29. September 2020

Mitgliederversammlung von Pro Musica fand im Bürgerhaus statt

Sänger suchen Winterdomizil

Aufwärmen gehört zum Einsingen vor der Probe mit dazu: Der gemischte Chor „TonArt“ bei einer Outdoor-Probe in der Kleingartenanlage Grumbach. Foto: Hermanowski

Abstand halten schon im Eingangsbereich, Maske tragen, Hände desinfizieren, mit dem frisch desinfizierten Kugelschreiber in die Teilnehmerliste eintragen und zum Platz geleitet werden: So sah die Vorbereitung zur diesjährigen Mitgliederversammlung des Gesangvereins Pro Musica am vergangenen Freitagabend aus, die aufgrund des großen Platz- und Abstandsbedarfs im großen Saal im Bürgerhaus abgehalten wurde.

Rund 40 Mitglieder des Vereins waren gekommen, um den Rechenschaftsbericht der Vereinsvorsitzenden Maria Albert-Damaschke zu hören und einen neuen Vorstand zu wählen. So voll mit Terminen wie das Jahr 2019 mit den drei großen Konzerten der Friedensmesse von Karl Jenkins, dem Musical „Götterolympiade“ und den zahlreichen Auftritten der Frauenchöre Dreiklang und Liedschatten auch gewesen war, so wenig gab es aus diesem Jahr in Sachen Auftritte zu berichten.

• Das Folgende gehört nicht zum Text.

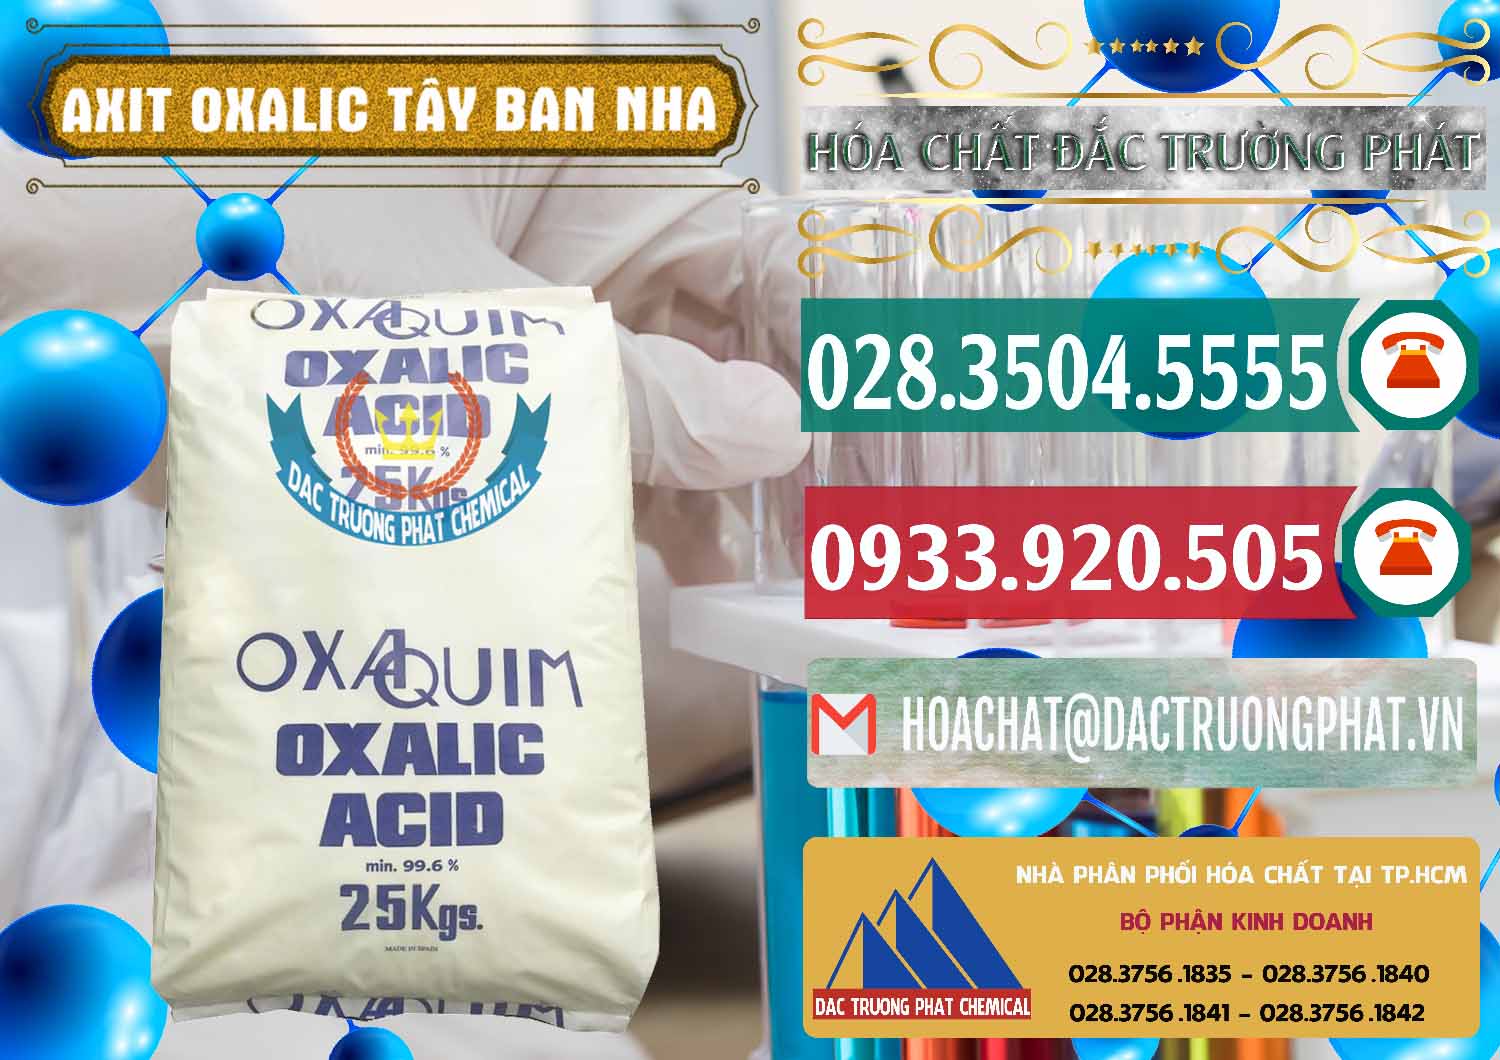 Cty chuyên bán - phân phối Acid Oxalic – Axit Oxalic 99.6% Tây Ban Nha Spain - 0269 - Cty nhập khẩu ( phân phối ) hóa chất tại TP.HCM - muabanhoachat.vn

Die Vereinsvorsitzende dankte den drei Chorleitern, die schon kurz nach dem Lockdown durch Online-Proben den Kontakt mit den Chören und den Sängern untereinander aufrechterhielten und auch unter erschwerten Umständen zum Singen animierten. „Wir haben Glück mit unseren Chorleitern, dass sie so viel mit uns unternommen haben“, betonte Maria Albert-Damaschke. Sogar drei, aus den Einzelaufnahmen der Sänger zusammengebaute Video- und Tonaufnahmen sind entstanden und auf der Homepage des Vereins unter www.pro-musica-schwalbach.de zu sehen.

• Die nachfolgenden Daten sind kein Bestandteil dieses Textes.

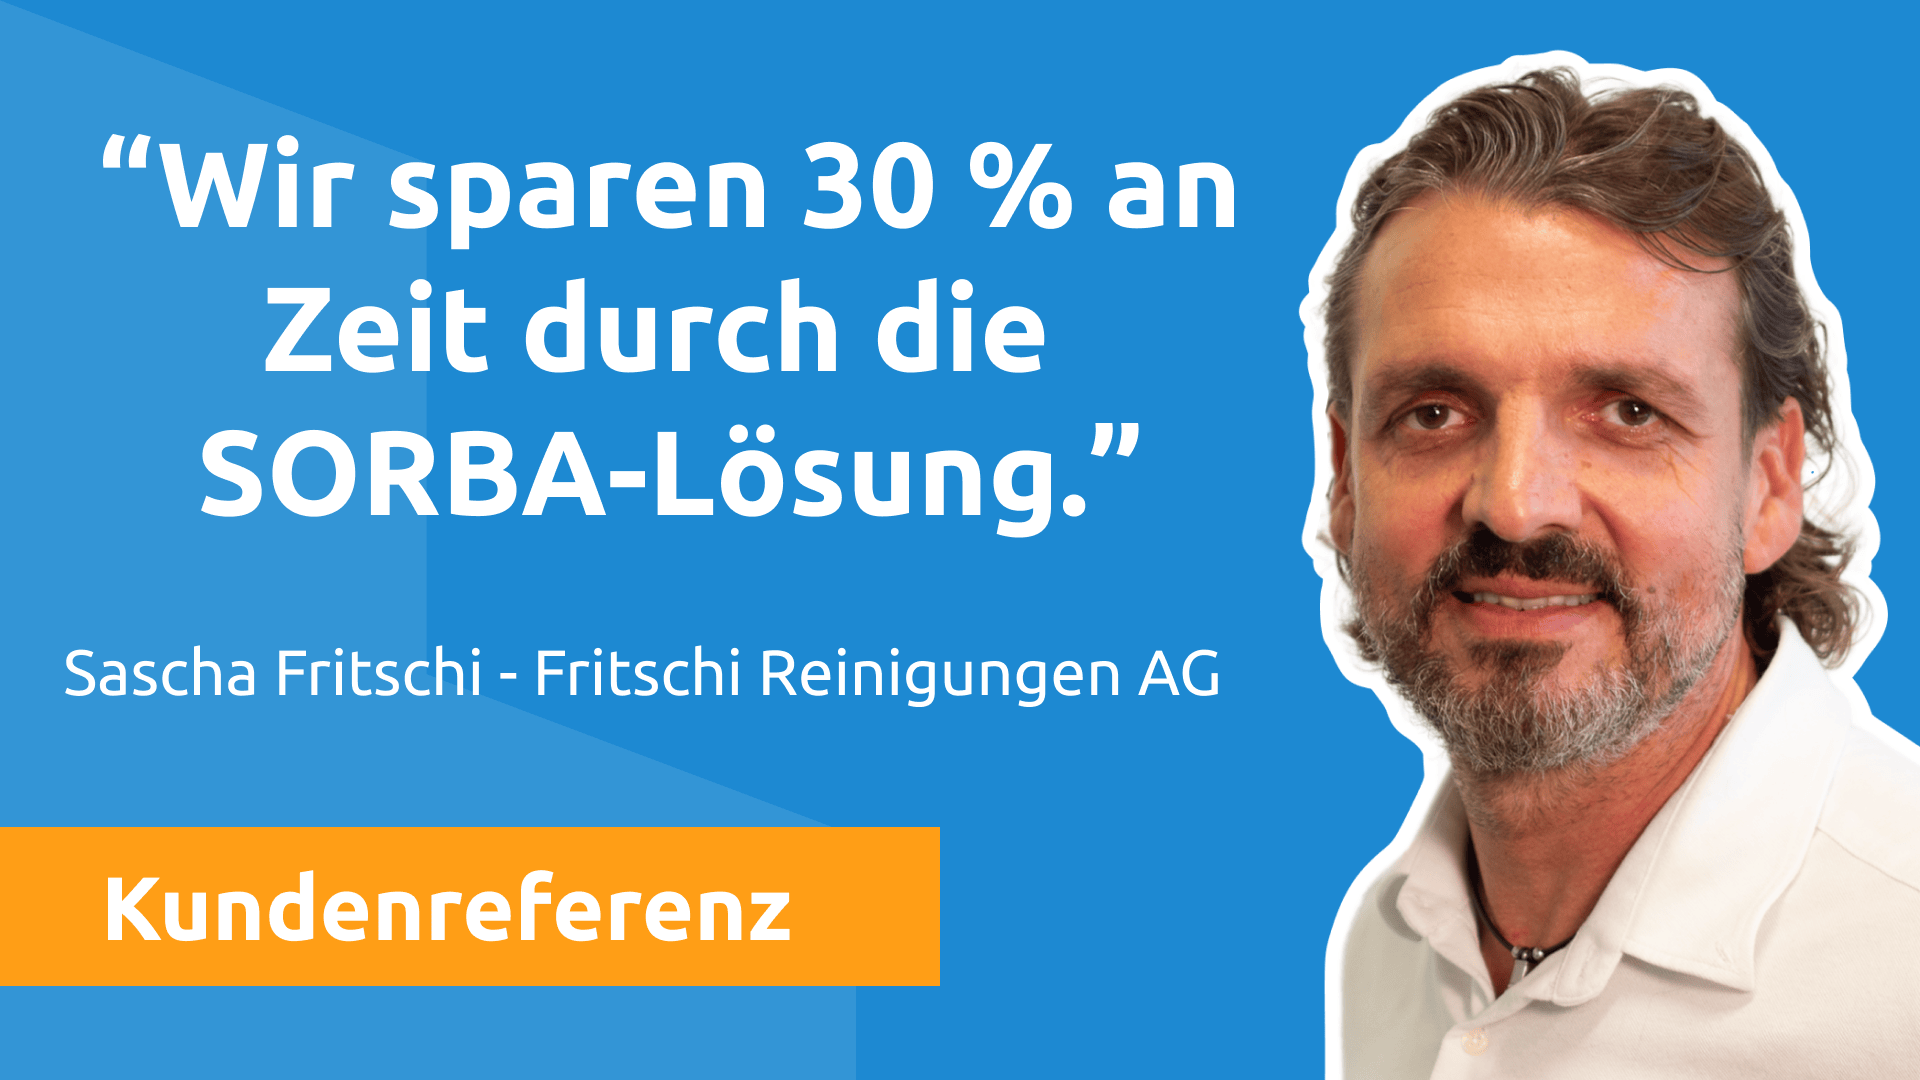 Referenzbericht Fritschi Reinigungen AG

Auch Chorleiter Tobias Prautsch lud die Musica Kids und Teens zum Online-Singen ein und freute sich, wie schnell sich die jüngsten Sänger des Vereins an die neue Situation gewöhnten. Gemeinsam mit den Frauen von Dreiklang studierten die Kids und Teens ein Geburtstaglied anlässlich der 50-Jahr-Feier der Stadt Schwalbach ein. „Das Video dazu wird bald fertig sein“, versprach der Chorleiter.

Etwas melancholisch betrachtet Chorleiter Holger Pusinelli jeden Morgen Bilder der Jenkins-Auftritte aus dem vergangenen Jahr, die als Geschenk in einem Kalender an der Wand an seinem Arbeitsplatz in der Musikschule hängen. „Die Online-Proben waren sehr wichtig, um in Kontakt zu bleiben. Wir haben nicht nur gesungen, sondern uns auch über die besondere Situation ausgetauscht. Es war eine sehr intensive Zeit“, berichtete Holger Pusinelli, der hofft, dass die abgesagten Konzerte im nächsten Jahr nachgeholt werden können.

Online geprobt hat auch das Frauenensemble Liedschatten mit Chorleiterin Hanna Serr, die mit den Sängerinnen das selbst komponierte Lied „Liedschatten singt weiter“ einstudiert und aufgenommen hat.

Der Bericht von Kassenwart Stephan Szabo bescheinigte dem Verein eine gute Finanzlage. Sogar einige Überschüsse konnten im vergangenen Jahr aus den Einnahmen von Altstadtfest, Weihnachtsmarkt und den Eintrittsgeldern der Konzerte eingefahren werden, die für nötige Anschaffungen eingesetzt werden können.

Keine Neuerungen gab es bei den Vorstandswahlen. Maria Albert-Damaschke wird dem Verein zwei weitere Jahre vorsitzen, kündigte aber bereits an, den Posten dann zur Verfügung zu stellen, um sich mehr ihren Enkeln widmen zu können. Zweite Vorsitzende bleibt Anja Sckuhr. Den Posten des Kassenwarts behält Stephan Szabo, Schriftführerin ist weiterhin Martina Hatzfeld mit Barbara Krahn als Stellvertreterin.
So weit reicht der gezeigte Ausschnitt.